There are several advantages to pseudo-catalytic bioscavengers: First, their protein component is normally present in the circulation (e.g. BChE [16] in human serum and AChE [17] on red blood cells). Second, they rapidly sequester all types of OPNAs [18] as the latter are designed as cholinesterase inhibitors in the first place. Lastly, their reactivating oximes can reach inhibited AChE in peripheral nerve tissues and in some cases, in the central nervous system (CNS) [[19], [20], [21]]. However, there are several disadvantages to currently available reactivators: They exhibit narrow OPNA specificities and enable effective reactivation of only a number of OPNAs per reactivator [22,23]. They become ineffective following aging of the OP-cholinesterase bond, which is a rapid process in the case of OPNAs such as soman [24]. They have short circulatory residence times, and need replenishing in cases of continuing OPNA exposures [14]. Finally, the rate of OPNA hydrolysis by oxime-mediated reactivation, even by the most effective combinations of oxime, cholinesterase and OP (e.g. cyclosarin-inhibited HuAChE reactivated with HLö7, k_r2 = 9.3 × 10⁴ [M⁻¹min⁻¹] [25]), is ∼2–3 orders of magnitude slower than the hydrolytic rate required to efficiently prevent intoxication (see bellow). Therefore, the current status of pseudo-catalytic scavengers, suggests they are not efficient enough to detoxify OPNAs and prevent the inhibition of AChE at peripheral and CNS sites.

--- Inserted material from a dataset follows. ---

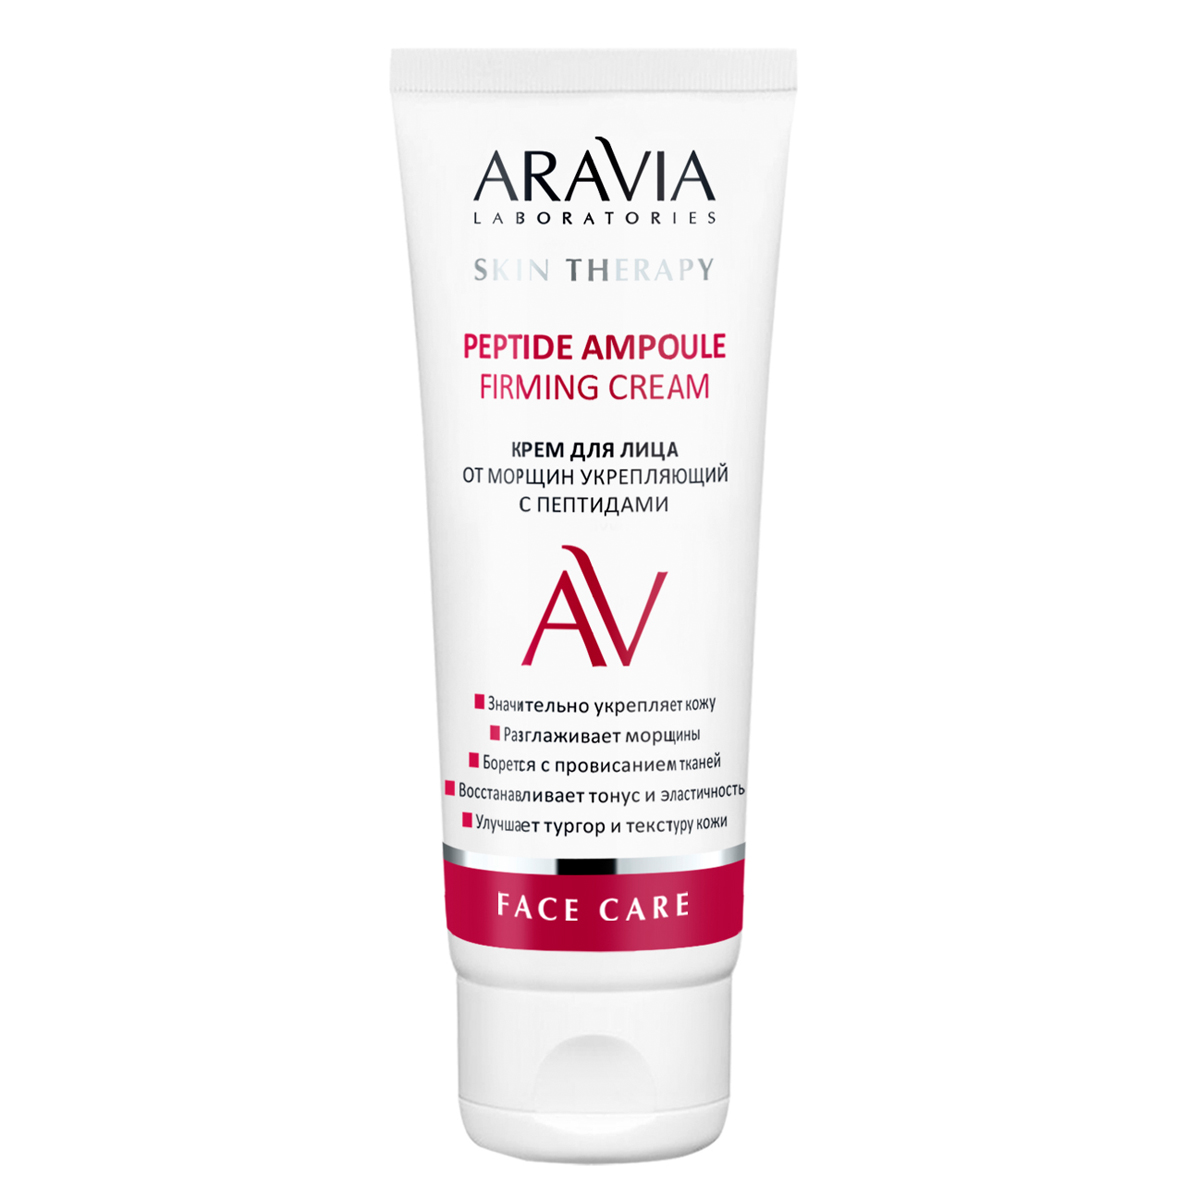 Aravia Laboratories Крем для лица от морщин укрепляющий с пептидами Peptide Ampoule Firming Cream, 50 мл (Aravia Laboratories, Уход за лицом)

A more effective way of preventing OPNA intoxication would be to employ a highly efficient, broad-spectrum catalytic bioscavenger, which could rapidly inactivate the toxic isomers of OPNAs in the circulation. In order to do so using a low enzyme treatment-dose (<1 mg/kg), theoretical models predict that catalytic bioscavengers must have a catalytic efficiency (k_cat/K_M) of ≥1 × 10⁷ [M⁻¹ min⁻¹] with the toxic isomers of OPNAs [26,27]. Using enzymes with higher catalytic efficiencies (i.e. (k_cat/K_M) of ≥5 × 10⁷ [M⁻¹ min⁻¹]) as prophylactics would detoxify 96% of the OP in the circulation in less than 10 s and provide sign-free protection from intoxication [5,28]. Unfortunately, OPNAs are xenobiotic compounds that serve as promiscuous substrates for natural OP hydrolyzing (OPH) enzymes and are hydrolyzed with low catalytic efficiencies [29,30]. In addition, most OPH enzymes isolated so far tend to bind and inactivate the less toxic isomers of OPNAs more efficiently than the toxic ones [31,32]. Therefore, in order to obtain catalytic bioscavengers that could be used as effective medical countermeasures for OPNA intoxication, there is a need to greatly enhance both the activity and selectivity of natural enzymes towards the toxic isomers of OPNAs. In recent years, directed evolution and protein engineering techniques have been used successfully to generate catalytic bioscavengers with such properties [[33], [34], [35], [36], [37], [38]]. Here we aim to discuss proteins that have been suggested as candidates for catalytic bioscavenging, their activities and the efforts made to increase their OPNA hydrolyzing capabilities.